Sejamos claros: o governo do eng.º José Pinto decidiu incendiar o sistema judicial, pretendendo, com isso, ganhar apoios da opinião pública (ou publicada?), jornalistas incluídos, e desviar atenções de outros graves problemas do País.
À conta de uma desforra, ou não, do que sucedeu no processo Casa Pia, este governo vem, agora, pretender ser o campeão das preocupações que assaltam os cidadãos com o “calamitoso estado da Justiça” ...
Foram anunciadas medidas para descongestionar os tribunais. Uma delas, provocou reacções e incompreensões – a da redução das férias judiciais.
A verdade é que essa medida até podia ser necessária, desde que enquadrada noutro conjunto de intervenções. Mas nada foi explicado. Nem os pressupostos, nem os objectivos, nem a sua regulamentação. Ainda por cima, se faz crer que os magistrados não trabalham e que a culpa do estado de justiça é exclusivamente deles. Não seria de esperar o entusiástico apoio dos operadores judiciários, mas o que era preciso era o sinal de que se estava a “afrontar mais uma corporação”. Por isso, nem se justifica o alarido que se faz ouvir. Em bom rigor, a «batata quente» está do lado do governo, pois parece que ainda não se deu conta das dificuldades práticas e financeiras que tal decisão implicará.
Mas, percebe-se, agora, mais claramente, a verdadeira razão da afronta dos chamados «privilégios» e injustificadas prerrogativas dos magistrados: este grupo profissional é o único que pode, efectivamente, pôr em causa carreiras e interesses políticos.

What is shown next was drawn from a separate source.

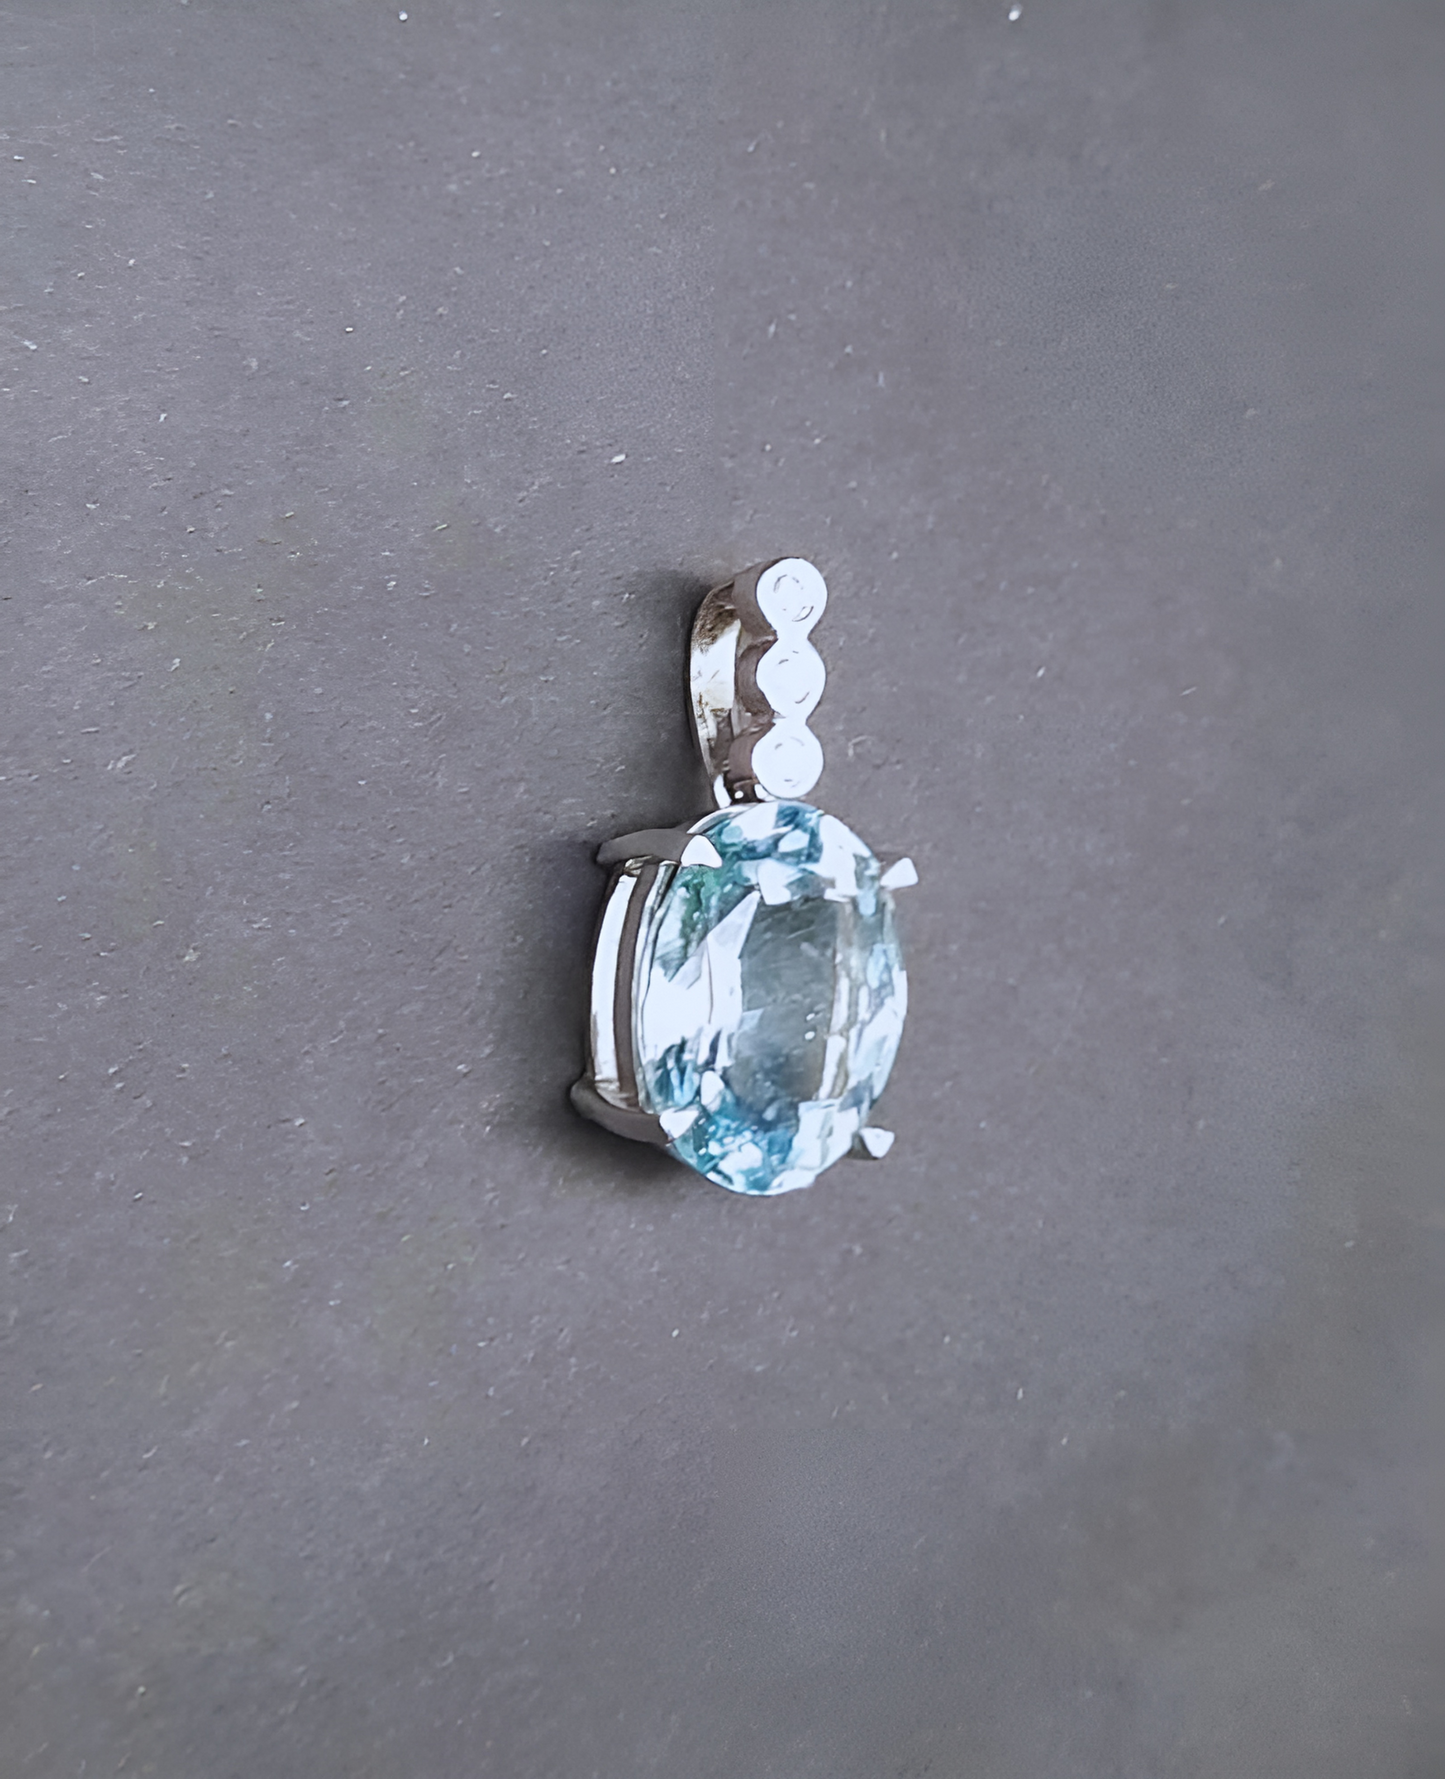 Handmade 18K white gold pendant for necklace with 3.54 ct. natural Aquamarine & natural Vvs1 high quality Diamonds.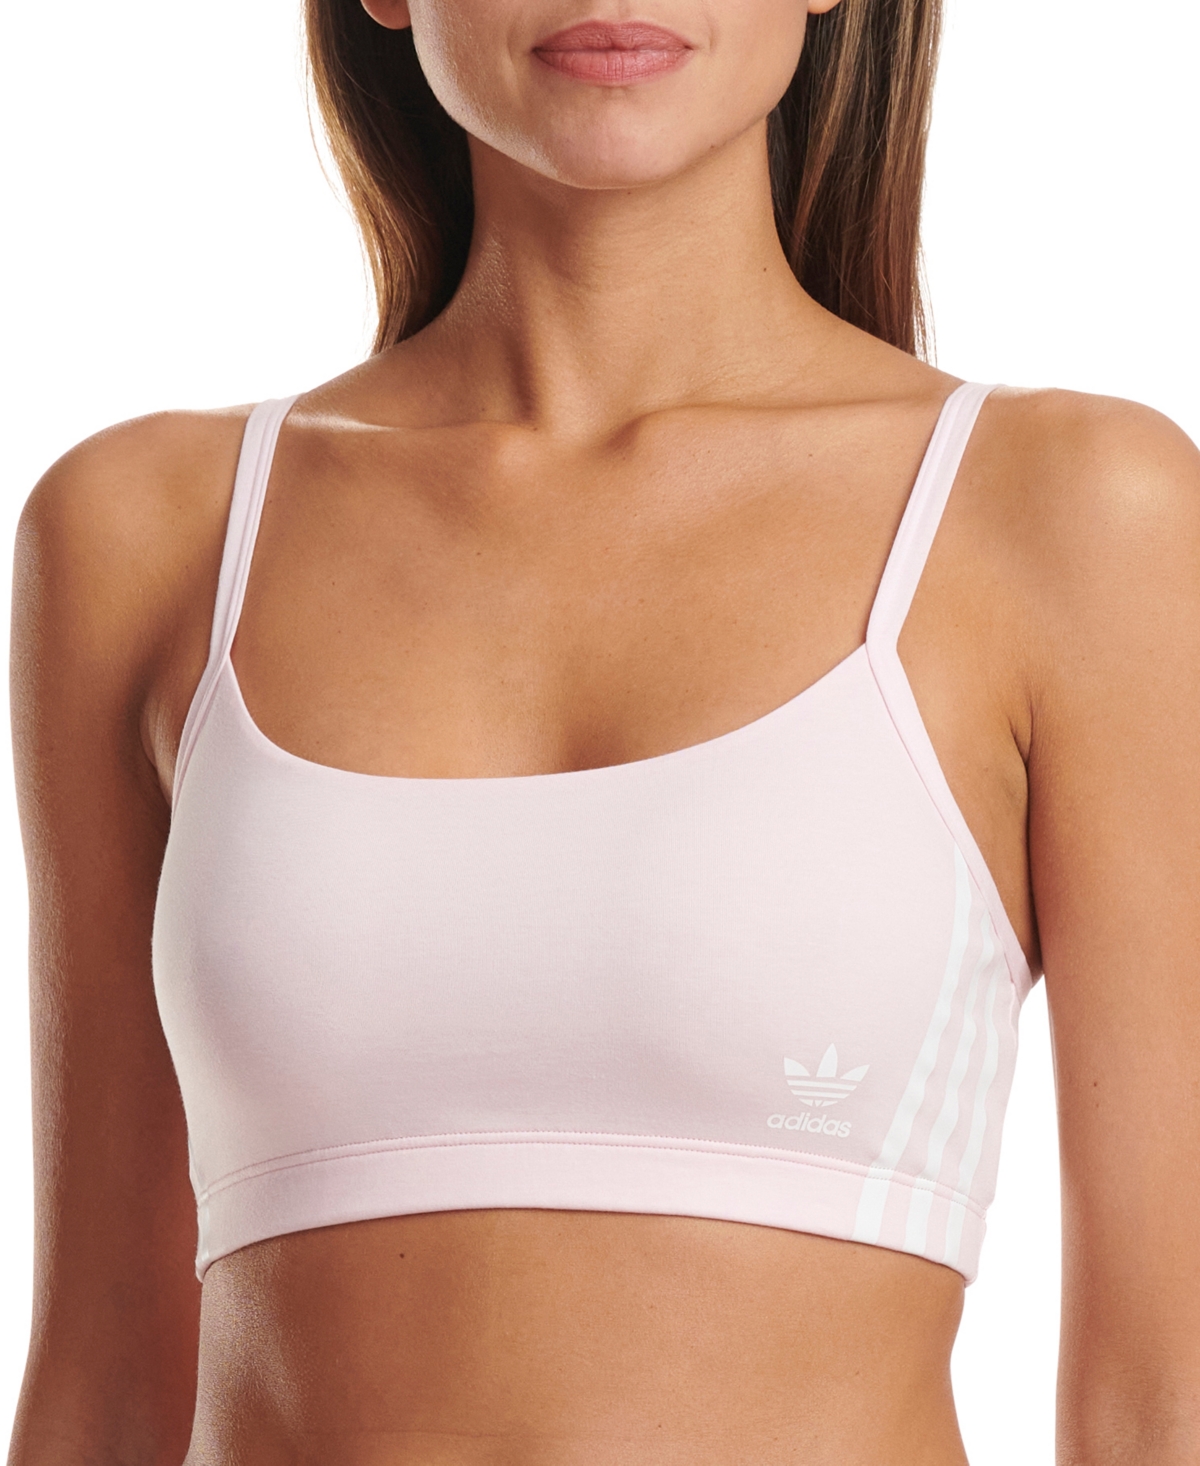 Adidas Originals Intimates Women's 3-stripes Scoop Bralette 4a4h00 In Clear Pink

Concretamente – para quem ainda não percebeu – é tentando controlar a actividade do Ministério Público (não dos juízes, pois a actividade destes é passiva, dependendo sempre da iniciativa daquele) que se conseguirá neutralizar qualquer veleidade séria no sentido de os responsabilizar, seja qual for a natureza ou tipo de infracção que se indicie. E os sinais vêm sendo crescentemente inquietantes (casos Casa Pia, Apito Dourado, Isaltino Morais, António Preto, Negócios do Min. Ambiente,..).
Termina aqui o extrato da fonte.